Tie-break [Lettera 32]

Giuliano Beppedi Beppe Giuliano

 
Quando fanno un film su una sfida sportiva che ti ha appassionato da ragazzo, capisci che sei avviato rapidamente verso la vecchiaia.
Quando fanno il secondo, acceleri.
Non è che lo capisci solo dai film sullo sport, sia chiaro. Però anche quelli aiutano, diciamo.

Prima c’è stato il film sul duello tra Lauda e Hunt, l’ottimo ‘Rush’ diretto da Ron Howard (a proposito di ragazzi e invecchiare, quando aveva ancora i capelli rossi Ron Howard era Richie Cunningham, devo aggiungere altro?).

Ora, sulla falsariga, almeno a giudicare dal trailer che sta circolando, è in arrivo (uscirà a metà settembre) quello sul duello tra Borg e McEnroe.

Borg, quando ho visto il trailer, è interpretato da Borg, ho pensato.
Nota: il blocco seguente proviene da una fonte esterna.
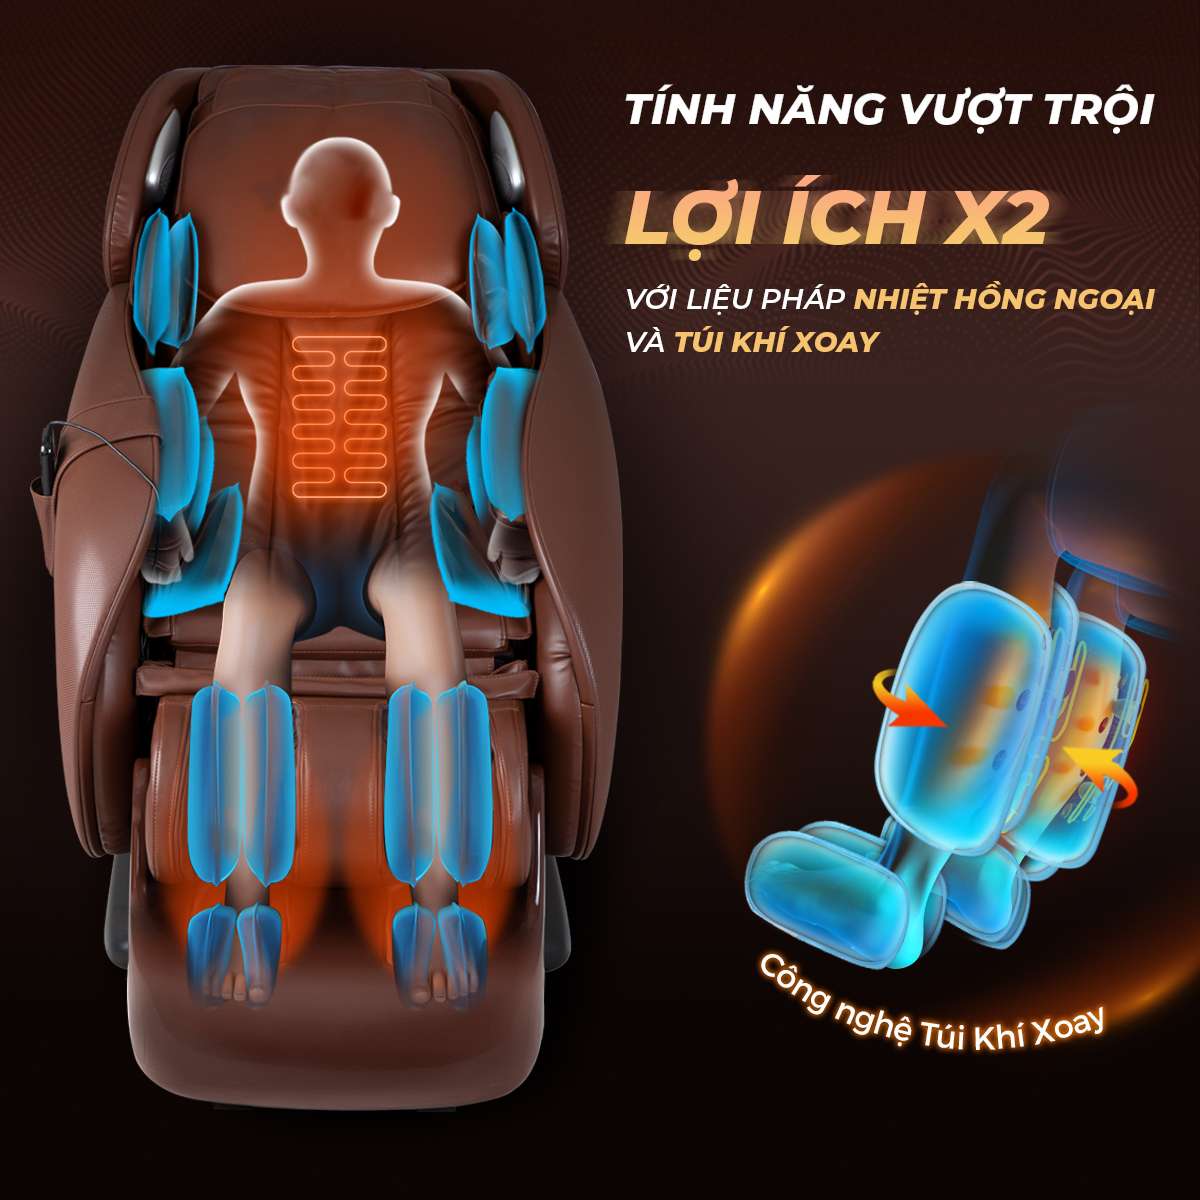 AVA - Điểm mua ghế massage ở Sơn La chính hãng, giá rẻ nhất

Tie-break [Lettera 32] CorriereAl 1
L’attore sembra lui, è lui ho pensato, non può che essere lui, dall’impugnatura inconfondibile della Donnay, al gesto altrettanto inconfondibile del rovescio bimane, al mezzo sorriso controllato che compariva sul suo viso serio assai di rado (sorride solo quando lancia male la pallina e deve lasciarla cadere senza battere, commentavamo con l’Antonio guardandolo giocare).

E un attore straordinariamente somigliante è anche Lennart Bergelin, il padre padrone dell’orso svedese, quello che lo comanderà durante tutta la carriera (visto cos’ha combinato Bjorn dopo, Bertè compresa, direi che quel comando ferreo era un bene, non una prigione).

John McEnroe è Shia Labeouf. John McEnroe non avrebbe potuto essere altri che Shia Labeouf ho pensato quando ho visto il trailer. Infatti Shia Labeouf ha fortemente voluto essere John McEnroe, ho letto.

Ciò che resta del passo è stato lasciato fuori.